— Как хотите, я еду, — трепетал Баудолино, вне себя. — Он обезумел, едем за ним, нельзя отпускать его, — умолял товарищей Коландрино.
Но Баудолино уже успел далеко от них отскакать и с именем Гипатии на устах летел навстречу заведомой гибели.
Замедлил ход он лишь через полчаса сумасшедшей скачки, увидев, что навстречу торопится юркая фигурка Гавагая.

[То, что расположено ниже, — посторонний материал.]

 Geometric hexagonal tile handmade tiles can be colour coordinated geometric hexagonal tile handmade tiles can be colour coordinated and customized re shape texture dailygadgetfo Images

— Ты не тревожишься, — выпалил тот. — Я ее видел. Она спасаешься. — Но это хорошее известие тут же преобразилось в источник терзания, потому что на самом деле Гавагай имел рассказать следующее. Гипатии заблаговременно предупредили о налете гуннов, причем те самые сатиры, для этого сбежавшие с холмов. Они собрали гипатий и когда появился Гавагай, как раз вели всех к себе в загорье, где только они ведали, что и как, и куда гунны никогда бы не добрались. Гипатия пережидала всех, подруги тянули ее за руки, она дожидалась весточки от Баудолино, узнать о его судьбе. Выслушав Гавагая, успокоилась, улыбнулась через слезы, просила передать привет, задрожала, велела сказать, чтобы тот бежал прочь, что его жизнь в опасности, заплакала и добавила последнее: известить, что любит, и что они никогда больше не увидятся.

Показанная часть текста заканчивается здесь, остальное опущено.